Among the charity's latest work is a link up with officers from Sutton Coldfield and Erdington Police.
The new partnership aims to help young people in north Birmingham at risk from County Lines.
This is a form of criminal exploitation where urban gangs persuade, coerce or force children and young people to store drugs and money or transport them to other areas.
Aaron, a former Romulus and Sutton Coldfield Town midfielder, said: “We are looking forward to working with the teams at Sutton and Erdington Police.
"If there are young people on the system or who have been identified by Sutton or Erdington Police as being involved in County Lines, they will be given access to 12 weeks of mentoring support from us.
“The aim is for us to support these young people, with the barriers they are facing, and give them pathways and strategies to come away from being involved in County Lines.

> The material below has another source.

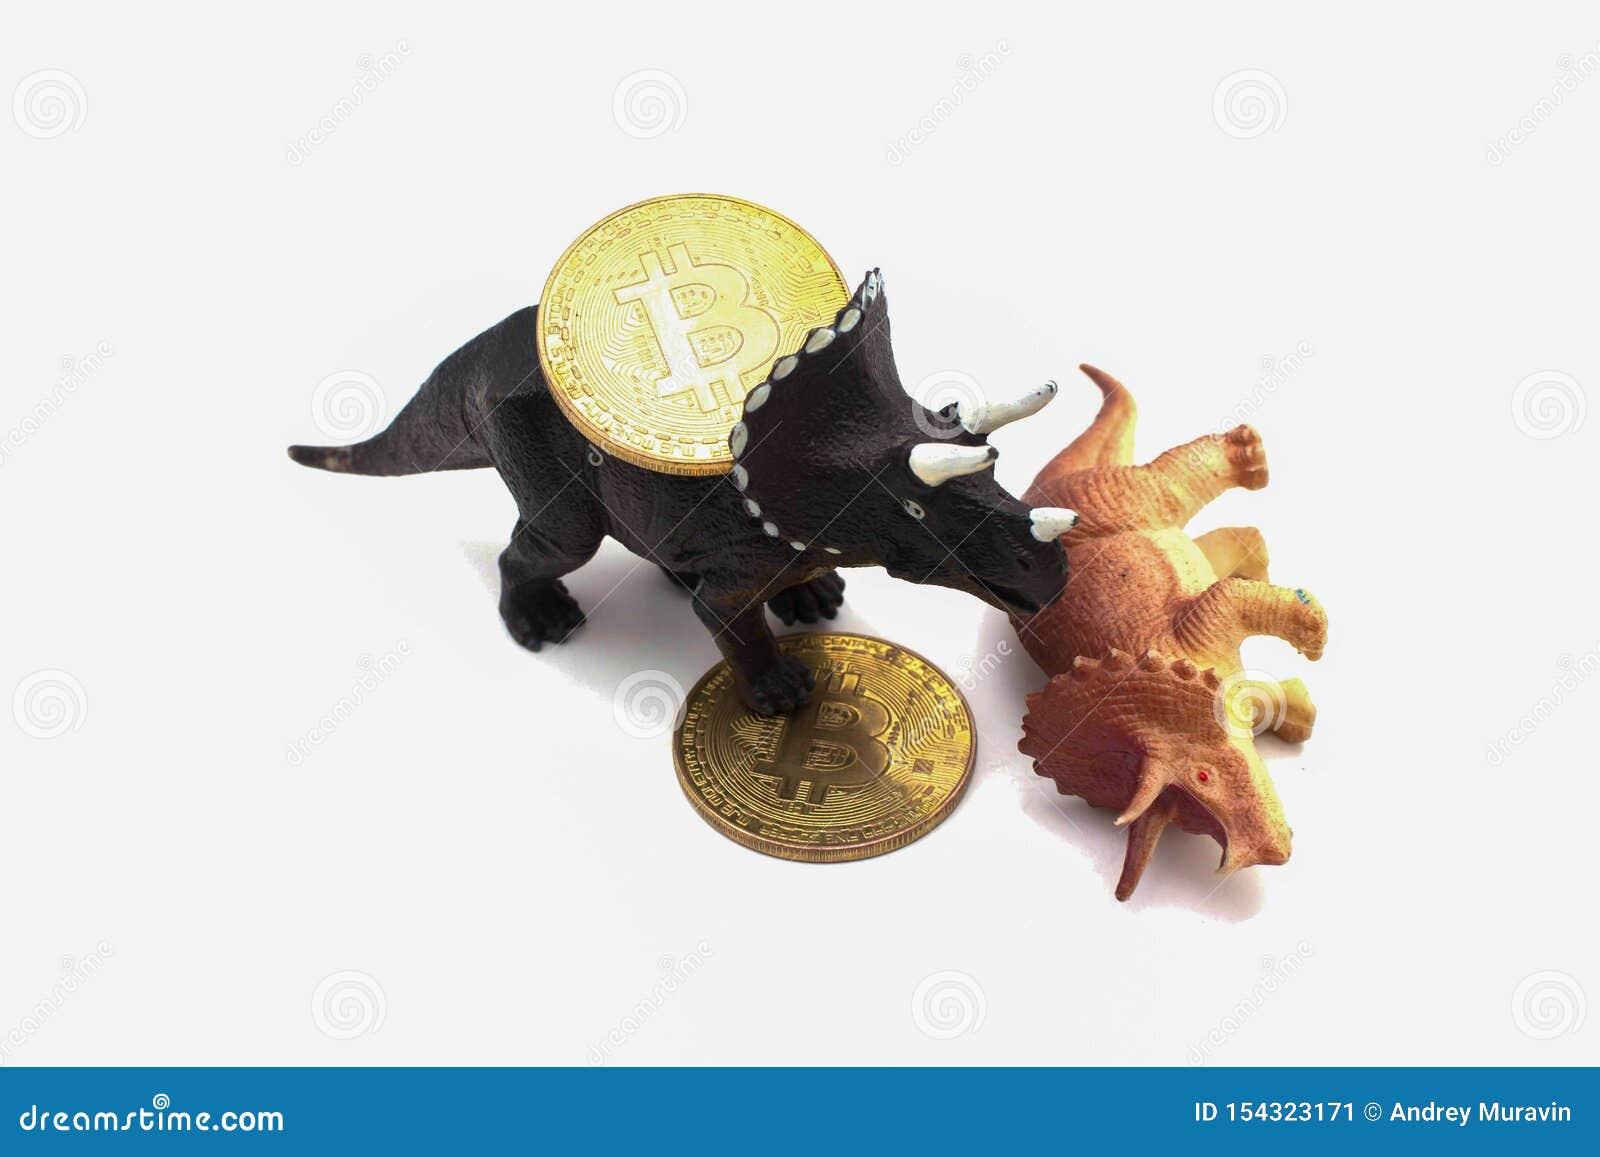 bitcoin toy

"But we also want to tap into the skill-set that there is there and provide them with opportunities.
“We want to tap into the strategic side and tell them, actually, if you put your mind to it, you can actually earn money legitimately, by putting your head down and working hard.”
Aaron added: “We work with all children really but some may have come from difficult backgrounds or had a tough upbringing.
"“They might have anger management issues or behavioural problems. We work with them one to one. A child might be on an exclusion list, falling off the rails.
“We have a chat with them and unpick why they are making the choices they are. We try to make them understand the route they will go down if they make the wrong choices.
"It is about trying to make a difference and it’s something I find very rewarding.”